As shown in Figs. 9 and 11, the mixing is limited by molecular diffusion and the chaotic advection is ineffective at Re 0.1. So, the mixing at low Re is dominated by the residence time and depends on the total path of the flow. The secondary fractal channel significantly increases the total path of the micromixer compared to the primary fractal. This undoubtedly contributes to increase in the residence time of the sample within the microchannel, and improves the mixing efficiency of the secondary fractal micromixer.
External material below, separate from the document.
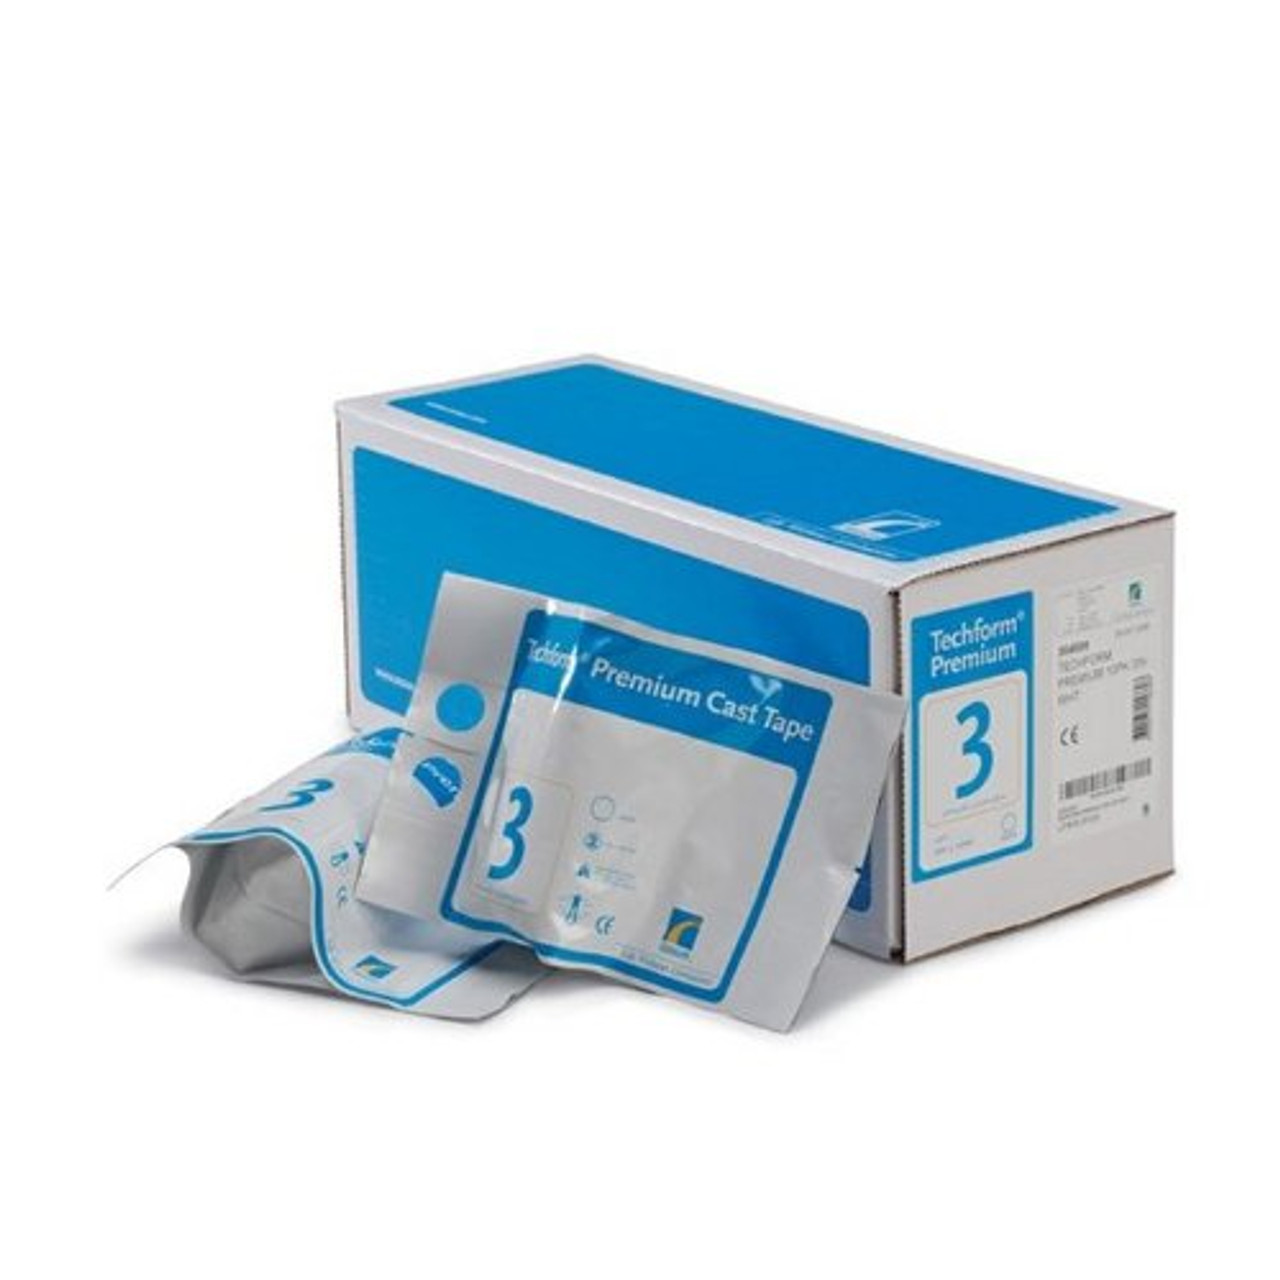 Stockinette T304WH (Tubular Cotton) & Casting Tape (Techform) Casting tape, 3" (white) box of 10 (Stockinette T304WH)
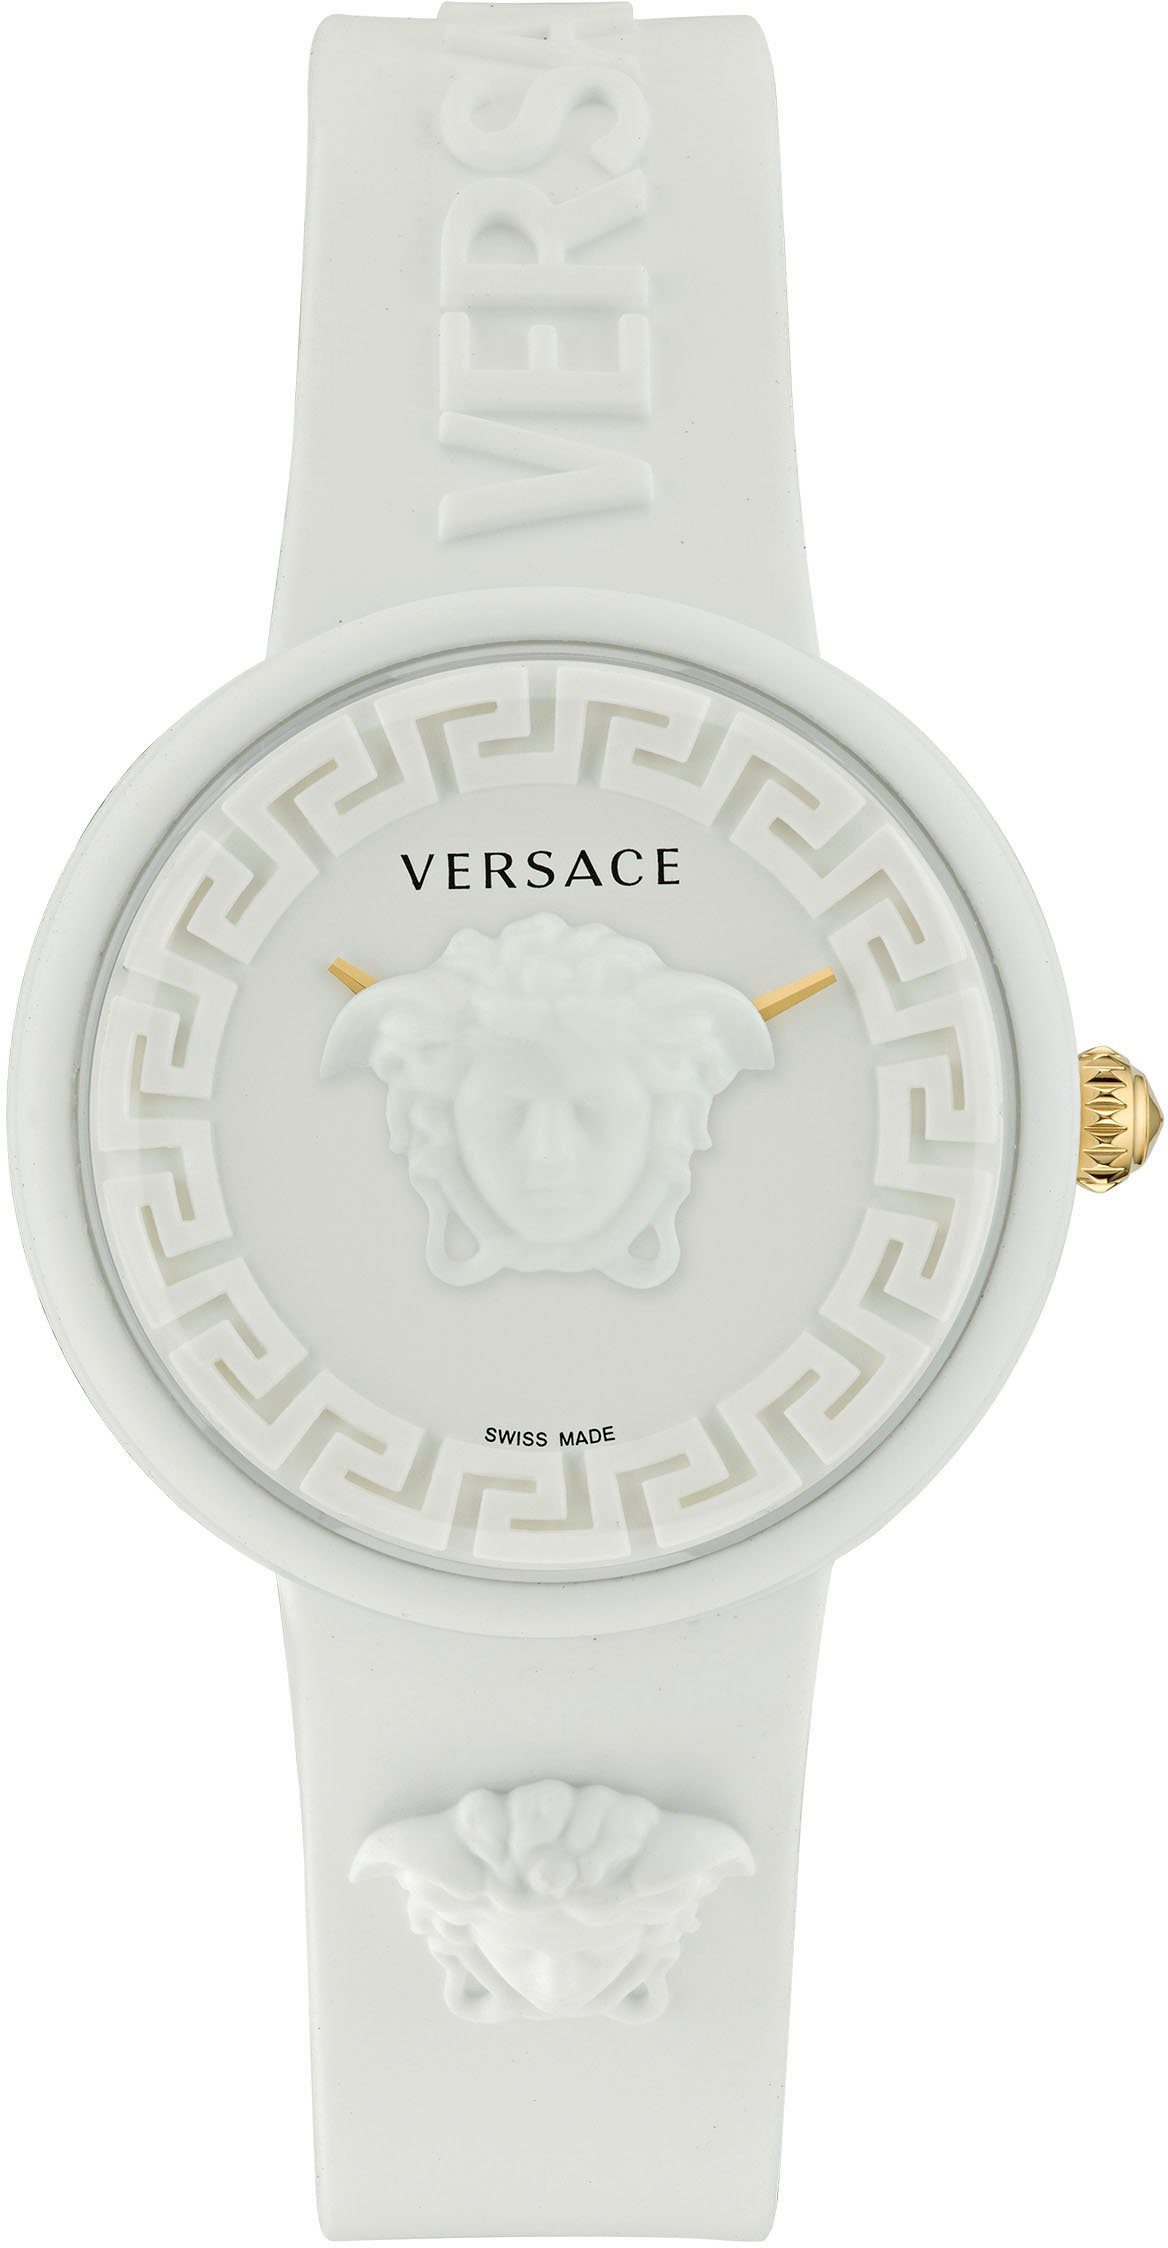 Versace Quarzuhr MEDUSA POP, VE6G00123, Armbanduhr, Damenuhr, Saphirglas, Swiss Made

Comparing sections in Figs. 10 and 12, there are obvious chaotic convection phenomena in section A and B. However, the strong chaotic region in Fig. 12 is significantly weaker than Fig. 10. But, due to the impact of the fractal structure, the fluid continuously changes the flow in the secondary fractal microchannels, and a weakly chaotic region of the arrow appears in Fig. 12. These two important factors lead to the result that the mixing efficiency of secondary fractal microchannel is better than the primary fractal microchannel.

4 Conclusions

In this paper, we proposed a novel design for 3D micromixers based on Koch fractal principle. Lots of intensive numerical simulations were conducted to compare primary fractal with secondary fractal micromixer. By comparing the mixing performance of two micromixers, it can be concluded as follows:

  1. 1.

    With increase in the height of the microchannel, the mixing efficiency of micromixers based on Koch fractal principle is getting better. Due to the impact of the fractal structure, the mixing efficiency of three different heights of secondary fractal mixers at each Re is high, beyond 80%. Especially at the height 0.5 mm, the mixing efficiency is beyond 90%.

  2. 2.

    The mixing effect of secondary fractal micromixer is better than that primary fractal micromixer. Both the fractal structures can achieve more than 90% mixing efficiency at a height of 0.5 mm.

  3. 3.

    Fractal structure not only extends the total path of the flow at low Re but also enhances the chaotic advection in fractal microchannel at high Re. It is significant for the mixing performance of passive micromixers. Fractal micromixer will have potential application value in field such as chemical industry and biochemistry due to its outstanding mixing performance.